- [RECORDS]:

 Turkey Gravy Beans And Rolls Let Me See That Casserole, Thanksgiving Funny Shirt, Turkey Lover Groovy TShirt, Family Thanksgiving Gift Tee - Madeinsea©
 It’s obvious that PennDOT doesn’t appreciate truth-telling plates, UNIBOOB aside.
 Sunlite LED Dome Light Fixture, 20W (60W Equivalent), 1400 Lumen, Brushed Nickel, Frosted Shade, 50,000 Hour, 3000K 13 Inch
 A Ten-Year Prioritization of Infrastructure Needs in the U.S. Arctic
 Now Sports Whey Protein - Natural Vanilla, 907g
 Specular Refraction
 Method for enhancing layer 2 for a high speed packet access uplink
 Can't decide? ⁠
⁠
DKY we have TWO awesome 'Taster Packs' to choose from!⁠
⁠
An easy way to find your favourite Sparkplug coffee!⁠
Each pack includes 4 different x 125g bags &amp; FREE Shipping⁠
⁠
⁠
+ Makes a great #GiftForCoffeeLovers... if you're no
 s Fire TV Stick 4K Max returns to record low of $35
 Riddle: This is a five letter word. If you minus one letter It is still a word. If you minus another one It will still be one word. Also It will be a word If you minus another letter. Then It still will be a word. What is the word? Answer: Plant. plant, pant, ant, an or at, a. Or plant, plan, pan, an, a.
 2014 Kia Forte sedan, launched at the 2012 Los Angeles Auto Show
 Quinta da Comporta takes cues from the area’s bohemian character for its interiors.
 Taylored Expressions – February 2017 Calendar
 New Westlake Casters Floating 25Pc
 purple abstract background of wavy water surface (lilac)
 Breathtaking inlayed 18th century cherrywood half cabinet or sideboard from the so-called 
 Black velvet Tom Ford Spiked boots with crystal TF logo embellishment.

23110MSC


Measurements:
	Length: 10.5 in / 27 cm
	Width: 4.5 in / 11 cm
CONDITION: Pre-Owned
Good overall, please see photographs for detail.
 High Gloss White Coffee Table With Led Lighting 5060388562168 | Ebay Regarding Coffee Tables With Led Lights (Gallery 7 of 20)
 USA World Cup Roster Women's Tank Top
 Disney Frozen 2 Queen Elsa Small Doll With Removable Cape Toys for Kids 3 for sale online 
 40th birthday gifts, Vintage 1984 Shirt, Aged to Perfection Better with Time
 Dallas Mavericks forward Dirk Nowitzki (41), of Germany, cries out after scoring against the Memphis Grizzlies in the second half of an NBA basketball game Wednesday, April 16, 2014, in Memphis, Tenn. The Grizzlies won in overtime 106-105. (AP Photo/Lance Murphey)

- [TASK DIRECTIONS]: Your task is to copy every entry above, exactly as written.

- [SOLVED EXERCISE]:
 Turkey Gravy Beans And Rolls Let Me See That Casserole, Thanksgiving Funny Shirt, Turkey Lover Groovy TShirt, Family Thanksgiving Gift Tee - Madeinsea©
 It’s obvious that PennDOT doesn’t appreciate truth-telling plates, UNIBOOB aside.
 Sunlite LED Dome Light Fixture, 20W (60W Equivalent), 1400 Lumen, Brushed Nickel, Frosted Shade, 50,000 Hour, 3000K 13 Inch
 A Ten-Year Prioritization of Infrastructure Needs in the U.S. Arctic
 Now Sports Whey Protein - Natural Vanilla, 907g
 Specular Refraction
 Method for enhancing layer 2 for a high speed packet access uplink
 Can't decide? ⁠
⁠
DKY we have TWO awesome 'Taster Packs' to choose from!⁠
⁠
An easy way to find your favourite Sparkplug coffee!⁠
Each pack includes 4 different x 125g bags &amp; FREE Shipping⁠
⁠
⁠
+ Makes a great #GiftForCoffeeLovers... if you're no
 s Fire TV Stick 4K Max returns to record low of $35
 Riddle: This is a five letter word. If you minus one letter It is still a word. If you minus another one It will still be one word. Also It will be a word If you minus another letter. Then It still will be a word. What is the word? Answer: Plant. plant, pant, ant, an or at, a. Or plant, plan, pan, an, a.
 2014 Kia Forte sedan, launched at the 2012 Los Angeles Auto Show
 Quinta da Comporta takes cues from the area’s bohemian character for its interiors.
 Taylored Expressions – February 2017 Calendar
 New Westlake Casters Floating 25Pc
 purple abstract background of wavy water surface (lilac)
 Breathtaking inlayed 18th century cherrywood half cabinet or sideboard from the so-called 
 Black velvet Tom Ford Spiked boots with crystal TF logo embellishment.

23110MSC


Measurements:
	Length: 10.5 in / 27 cm
	Width: 4.5 in / 11 cm
CONDITION: Pre-Owned
Good overall, please see photographs for detail.
 High Gloss White Coffee Table With Led Lighting 5060388562168 | Ebay Regarding Coffee Tables With Led Lights (Gallery 7 of 20)
 USA World Cup Roster Women's Tank Top
 Disney Frozen 2 Queen Elsa Small Doll With Removable Cape Toys for Kids 3 for sale online 
 40th birthday gifts, Vintage 1984 Shirt, Aged to Perfection Better with Time
 Dallas Mavericks forward Dirk Nowitzki (41), of Germany, cries out after scoring against the Memphis Grizzlies in the second half of an NBA basketball game Wednesday, April 16, 2014, in Memphis, Tenn. The Grizzlies won in overtime 106-105. (AP Photo/Lance Murphey)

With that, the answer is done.